The devices get around the high level of energy needed to switch between states in two-terminal synapse models. An energy barrier that’s too low means that mere thermal fluctuations can overcome it, which could produce the undesirable result of a device switching states at random. “If you lower the voltage, it would simply switch back to its earlier state,” says Alec.

In ENODe, the barrier that maintains the device state is separate from the one that governs switching. Thus, the device needs a tiny bit of voltage to switch, and yet can retain that induced state for a long time. “Like a battery, it stays charged once you charge it,” says Alec.

A system composed of such devices is expected to use far less power than any silicon-based transistor system. The device achieves more than 500 states of conductivity and needs only 0.5 millivolts to switch between adjacent states. However, though requiring on the order of a thousand times less energy than silicon transistors, it still uses about 10,000 times the energy of a biological synapse. But the Sandia synapse can be cut down in size, with a corresponding reduction in energy requirements.

More than 20 peer-reviewed publications

“Energy per computation has been reduced by a factor greater than one trillion since the first vacuum tube-based computers,” says Matt Marinella (5268), device lead on the HAANA project. “However, continuing this exponential trend in energy reduction is one of the greatest challenges in modern computing. We believe these brain-inspired devices are one of the most promising avenues to achieve this goal.”

The HAANA project is focused on developing neural-inspired algorithms and hardware architectures for imaging and cybersecurity applications. Now in its third year, HAANA has more than 20 peer-reviewed publications on a range of topics including deep learning, spiking digital architectures, and resistive memory devices. The project’s microelectronic hardware thrust, led by Matt, is tasked with designing and fabricating devices that are specifically tuned for neural-inspired algorithms that require time-consuming and power-hungry training with example data.

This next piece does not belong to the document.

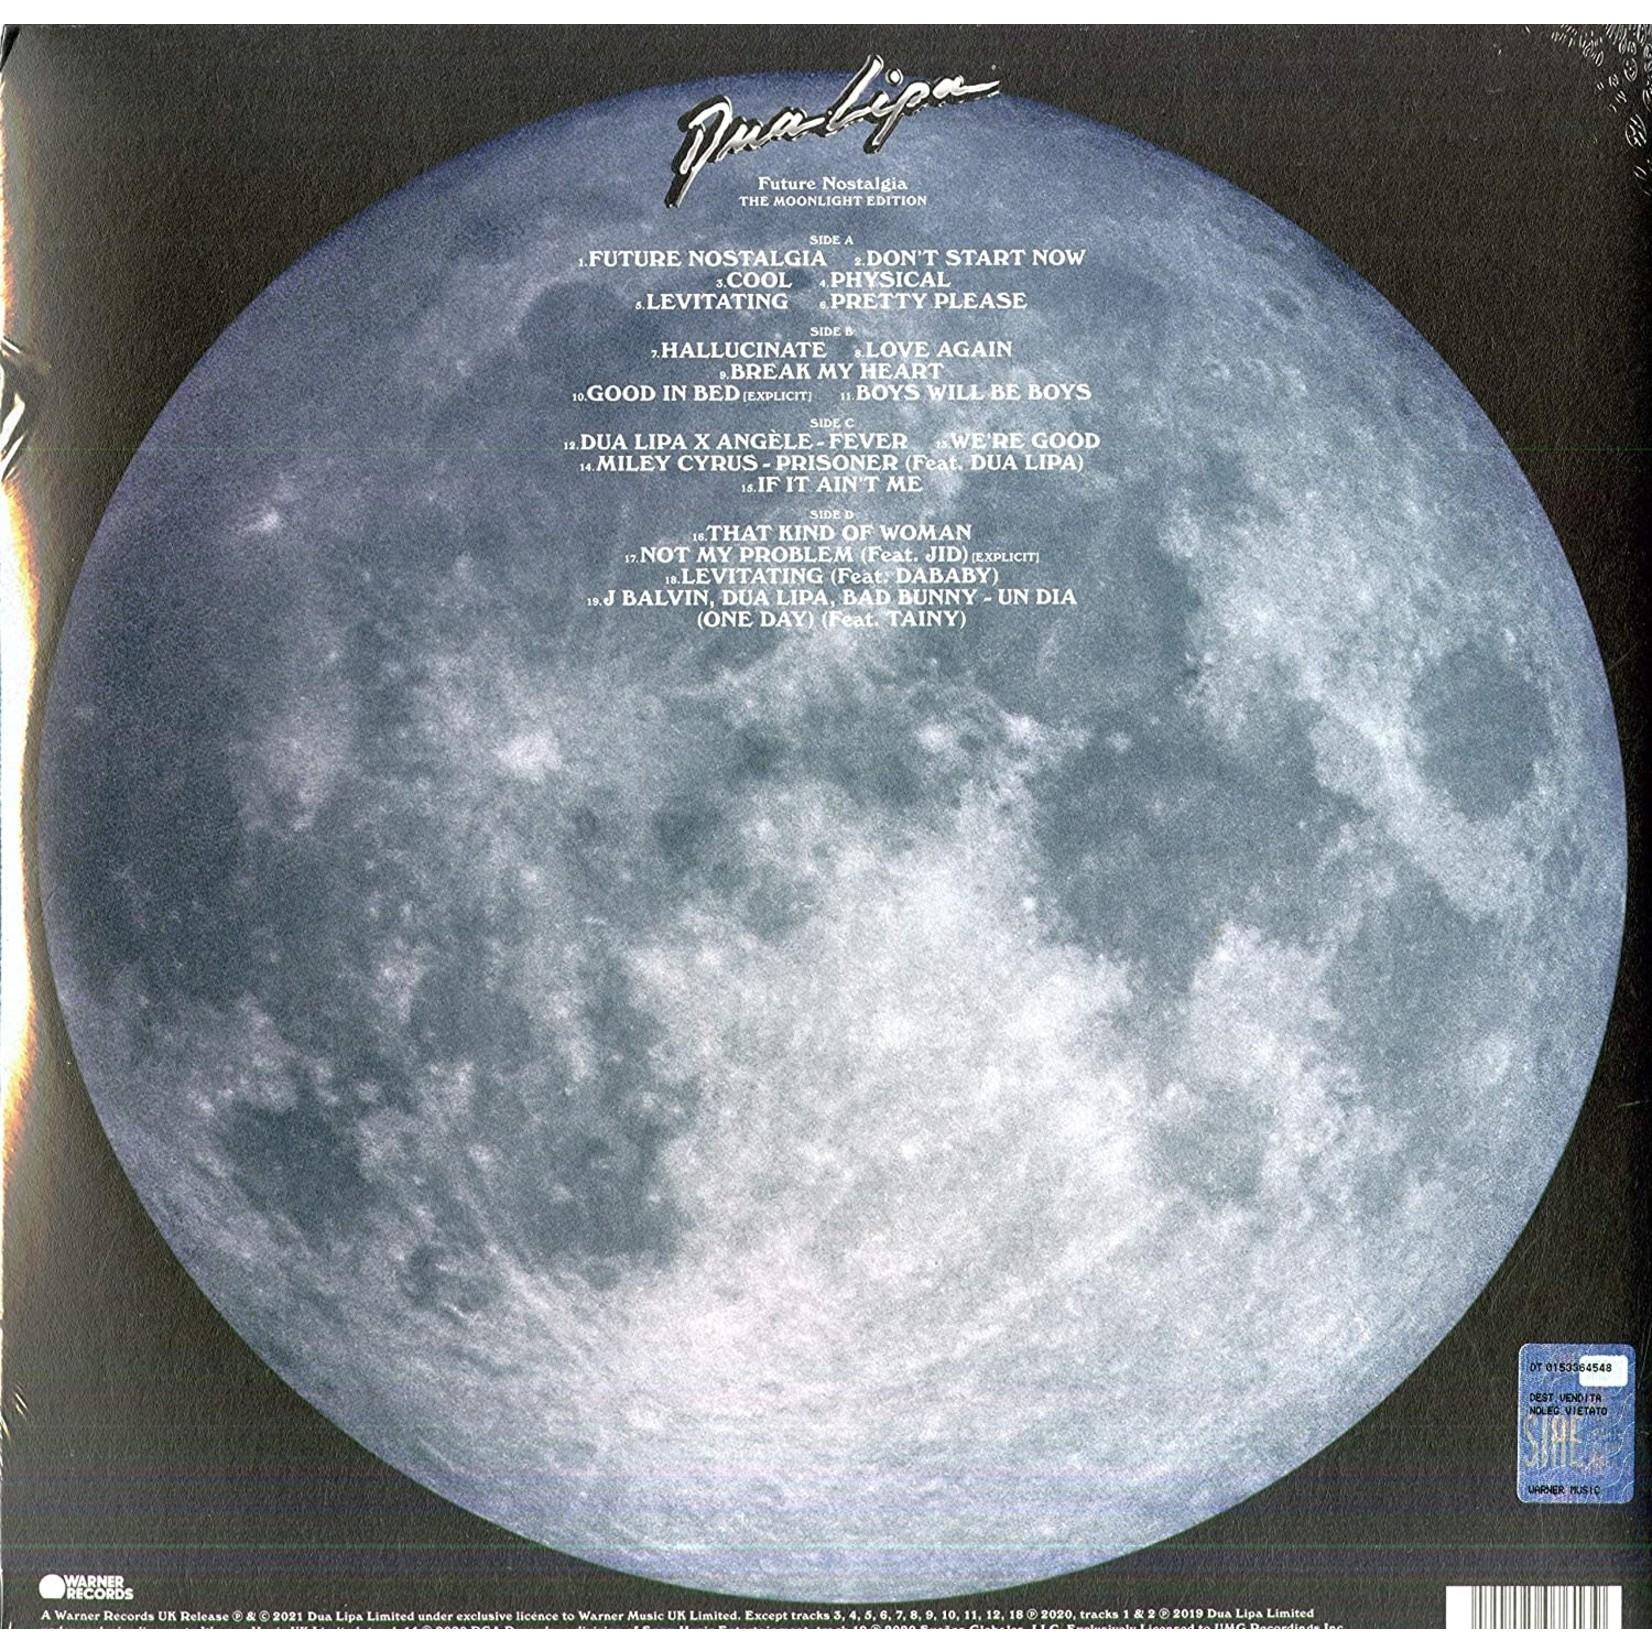 DUA LIPA FUTURE NOSTALGIA (THE MOONLIGHT EDITION) [2 LP]

Polymer fabrication of the ENODe was led by Stanford’s Salleo. Testing was done by Alec and by Elliot Fuller (8342), a Sandia postdoc who did much of the fabrication and testing of the Sandia devices. Modelling was handled by Matt and by Sapan Agarwal (8956). Other researchers include Francois Leonard (8342), Robin Jacobs-Gedrim (1768) and Steven Plimpton (1444).

“These are currently only benchtop devices,” says Alec. “Polymers are cheap to manufacture, but before we go there, we need to demonstrate arrays capable of implementing brain-inspired algorithms, which is what we are currently working on.”